### Stored data
+ + + + +
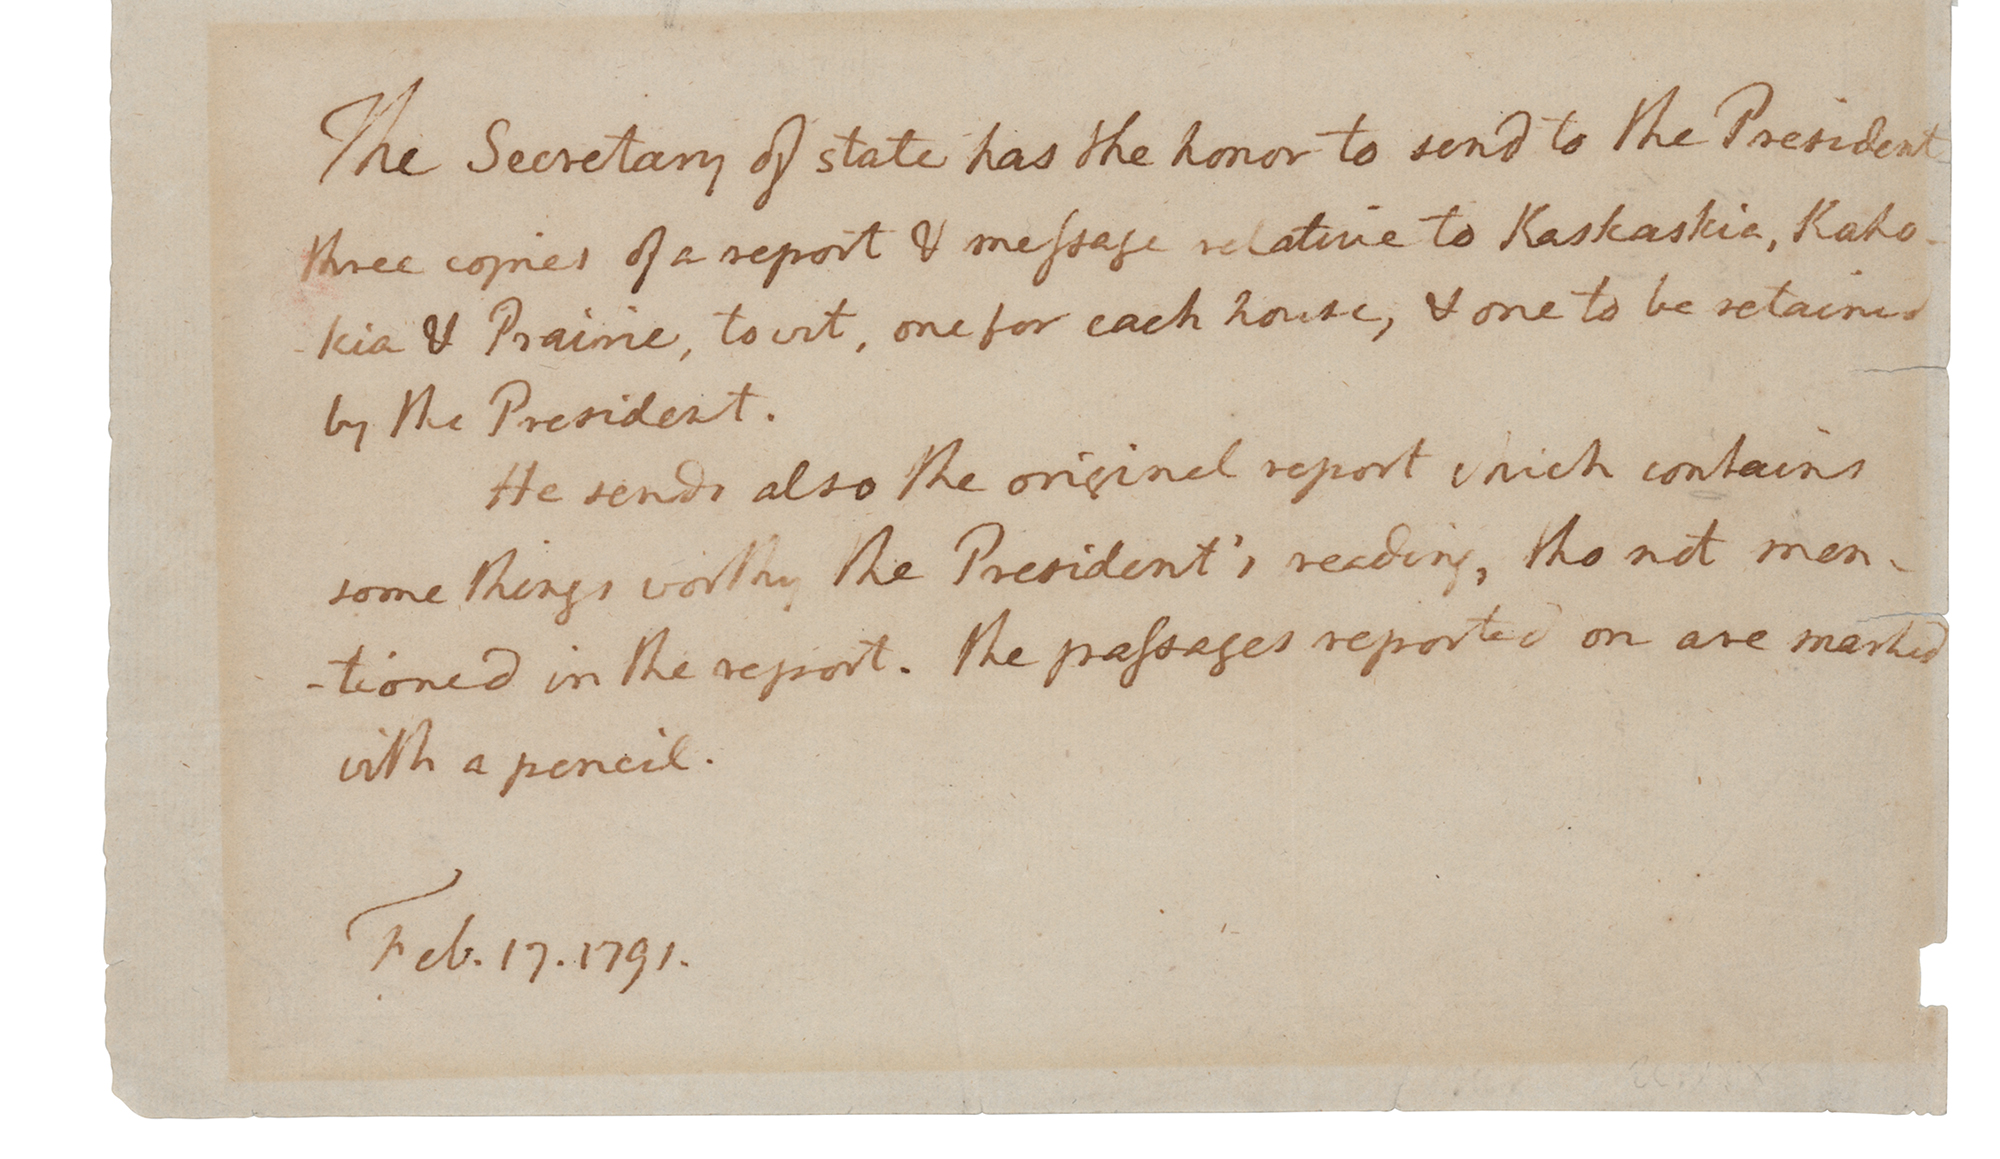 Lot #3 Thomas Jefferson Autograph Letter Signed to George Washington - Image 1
+ + + + +
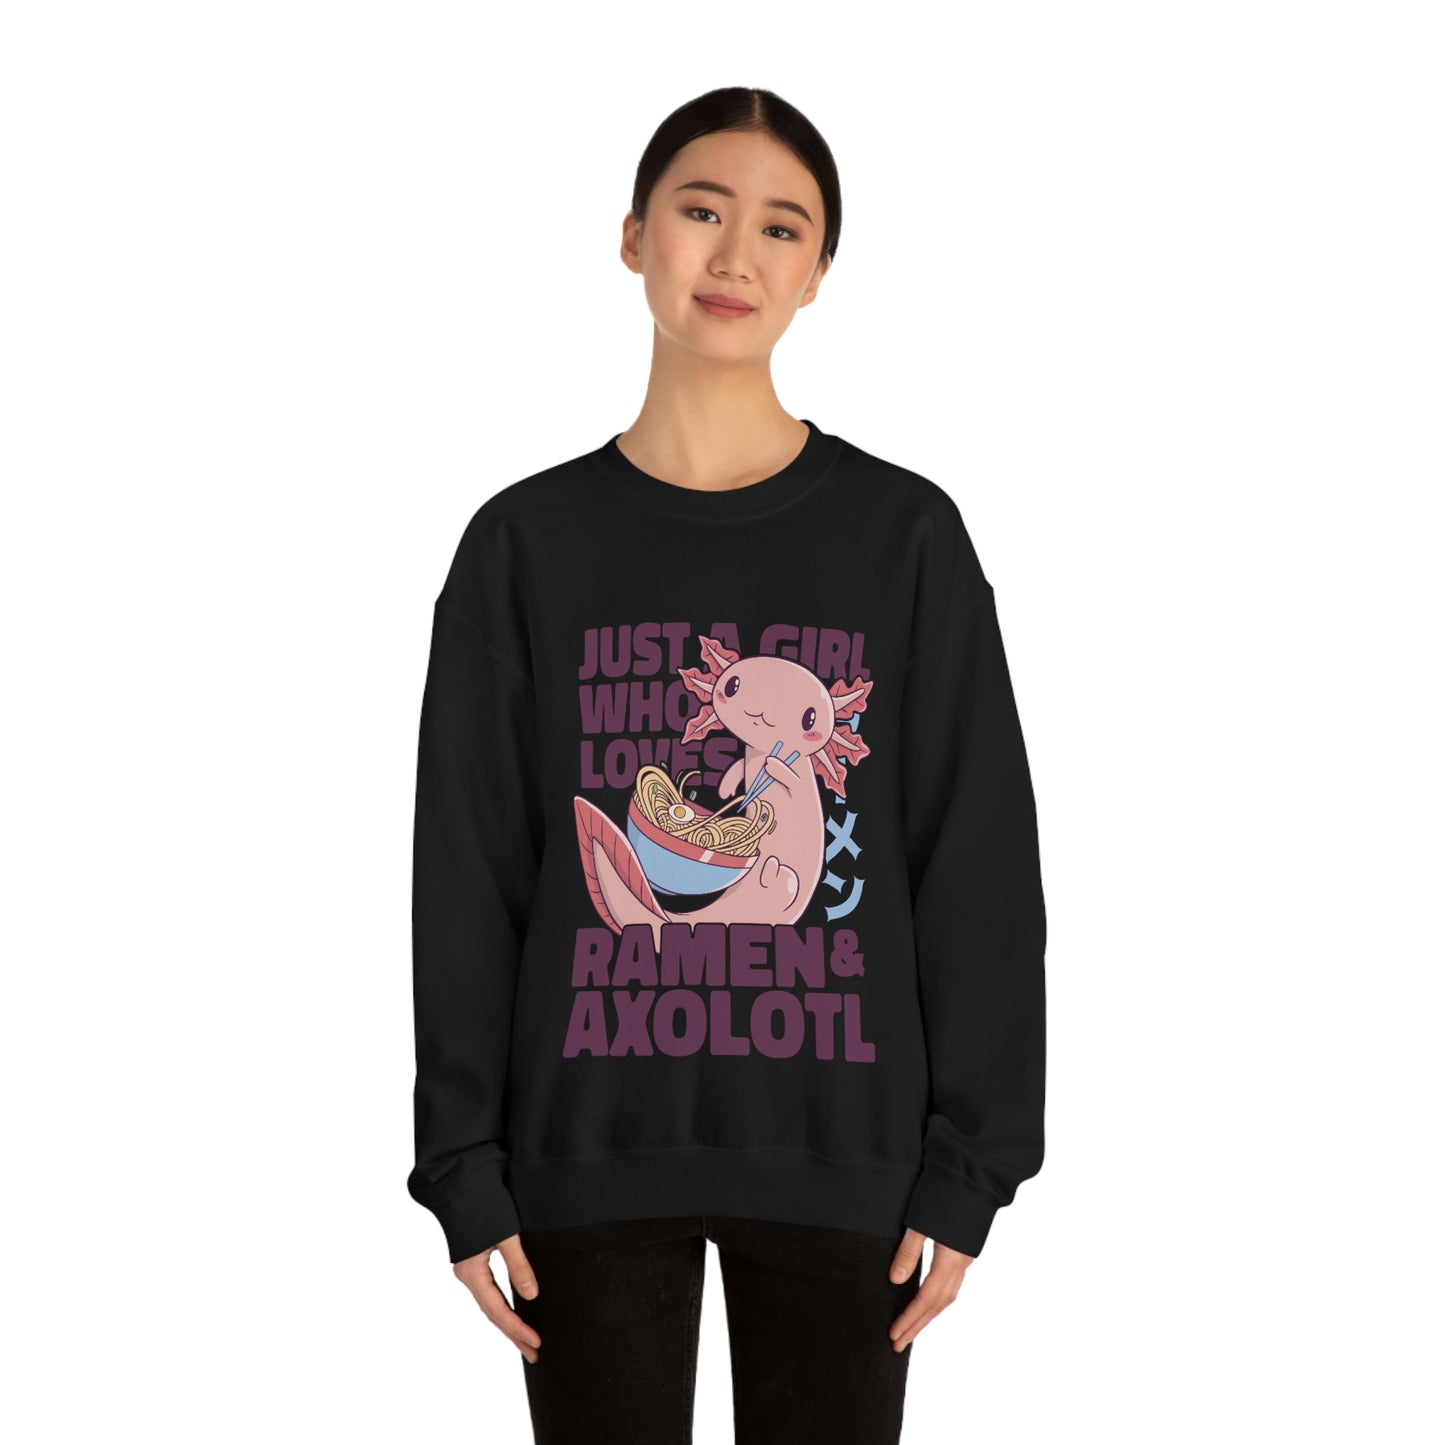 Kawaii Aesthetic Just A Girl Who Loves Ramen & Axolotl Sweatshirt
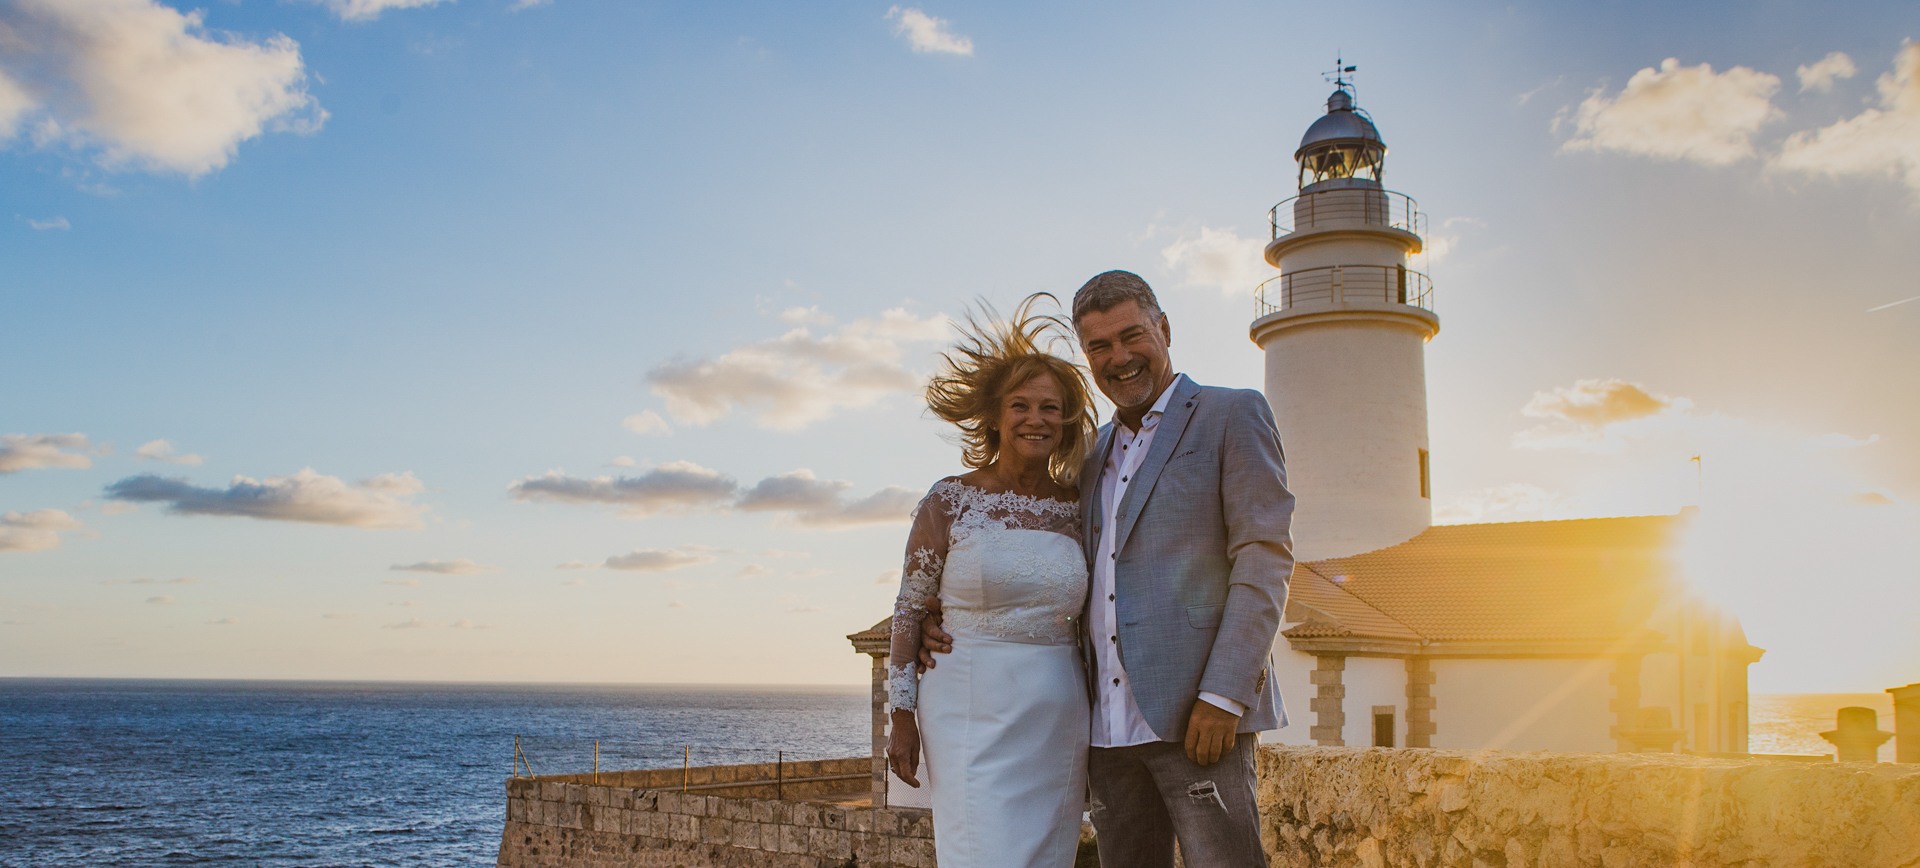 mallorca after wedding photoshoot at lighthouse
+ + + + +
Reproduce the listing above from the line that holds "Kawaii Aesthetic Just" through the line that holds "mallorca after wedding", both included, with the pictures left out.

 Kawaii Aesthetic Just A Girl Who Loves Ramen & Axolotl Sweatshirt
 mallorca after wedding photoshoot at lighthouse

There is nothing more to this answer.